Computational frameworks integrating complementary molecular information have been used extensively to prioritize potential drug targets. For example, GuiltyTargets annotates on protein–protein interaction networks with differentially expressed genes linked to a disease, learns an embedded representation and uses this to predict new targets82. The incorporation of SC data sets into these computational approaches enables the prediction of cell-specific targets. For example, a network-based approach based on SC data sets has been used to prioritize drug targets in arthritis83.

Target credentialling and validation

In target credentialling and validation, confidence in a gene target is established by acquiring and combining evidence from various sources (disease biology, target biology and tractability, genetic studies, etc.). The translational validity of study models may also be examined to better understand potential gaps between the models and the disease biology or therapeutic aim. ScRNA-seq data can inform each of these facets.

Routes to improving confidence in a target include validating functional linkages between the target and the disease biology. Gene targets, gene signatures and cell states affected by individual perturbations and their genetic interactions may all be assessed at once through a scCRISPR screen, allowing target categorization and prioritization. Traditionally, significant resources are involved in target credentialling, and so compromises are often made between the number of targets examined and the complexity and number of readouts. ScCRISPR screening alone or after a genome-wide pooled screen (Box 2) can mitigate this trade-off by allowing tens to hundreds of perturbations to be pooled and profiled at once84,85,86.

An application of this scCRISPR screening approach first involved the identification of regulators of T cell stimulation and immunosuppression using a genome-wide pooled CRISPR screen, with candidate hits followed up with functional assays and Perturb-seq to reveal affected gene programmes, leading to at least four potential antitumour targets87. More recently, the platform has been expanded to allow paired CRISPR activation (CRISPRa) and CRISPR interference (CRISPRi) screening and pooled scRNA-seq profiling, advancing the range and depth of target validation. Perturb-seq could also be performed in vivo88, allowing investigation of gene functions in multiple cell types in a physiological context.

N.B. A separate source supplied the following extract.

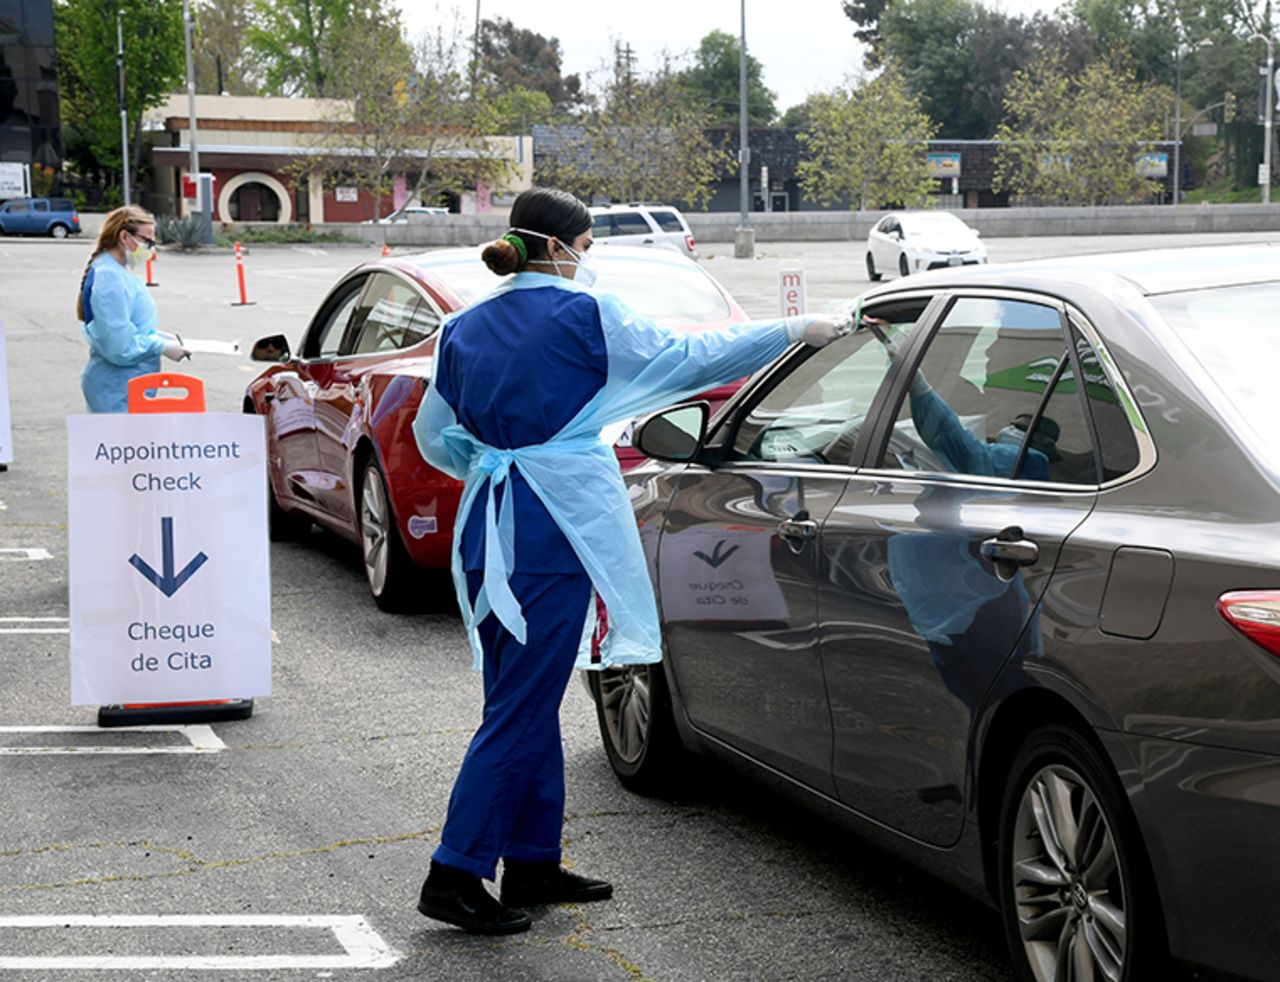 Workers wearing personal protective equipment gather the tests administered from people's cars as Mend Urgent Care hosts a drive-thru testin at the Westfield Fashion Square on Monday,April 13, in Los Angeles
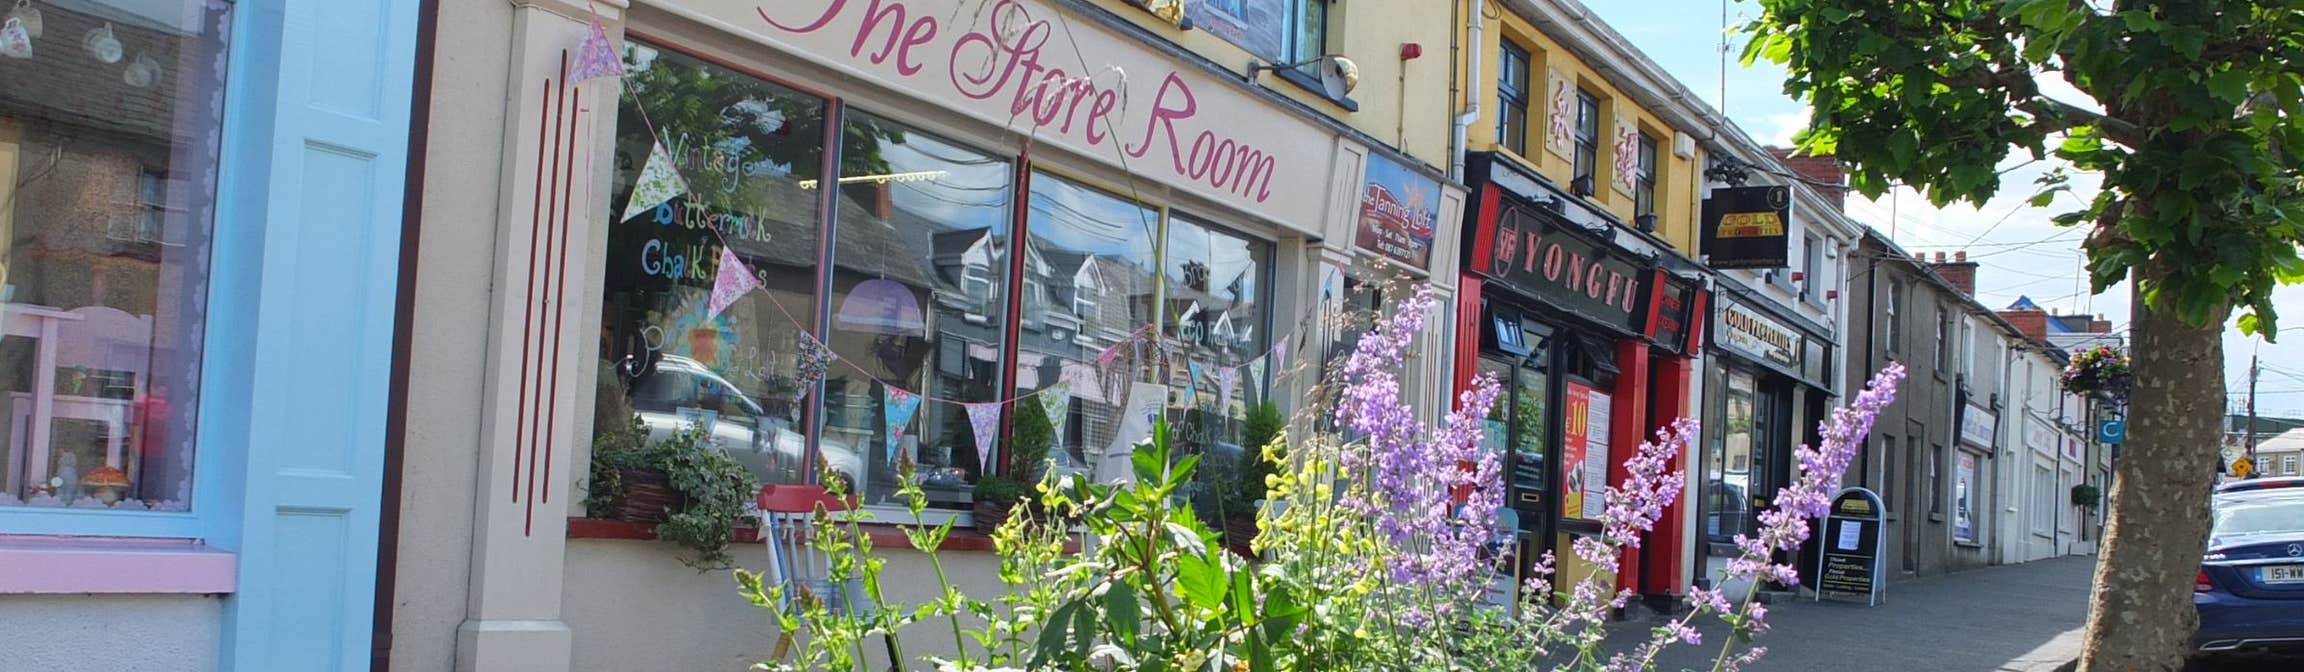 Image of a shopfront in Gorey in County Wexford

Targets may be further credentialled and validated for their impact on disease-relevant mechanisms by using functional genomics or pharmacology studies in vitro or in vivo. Currently, readouts of these studies are usually low-dimensional, focusing on only dozens of predefined proteins or specific disease-related phenotypes89,90,91. However, coupling these studies with unbiased omics readouts can provide more granularity, allow exploration of drug mode of action (MoA) (see also next section) and even reveal any unexpected toxicity profiles. Transcriptomic readouts are often the most cost-effective and relatively straightforward to interpret, and SC transcriptomics has the additional advantage of high resolution, especially for complex models. For example, dual specificity phosphatase 6 (DUSP6) has been proposed as a potential target for inflammatory bowel disease (IBD)92 and the roles of Dusp6, which had remained unclear previously from a study using bulk RNA sequencing93, have been dissected in mice in a cell-type-specific manner using scRNA-seq94.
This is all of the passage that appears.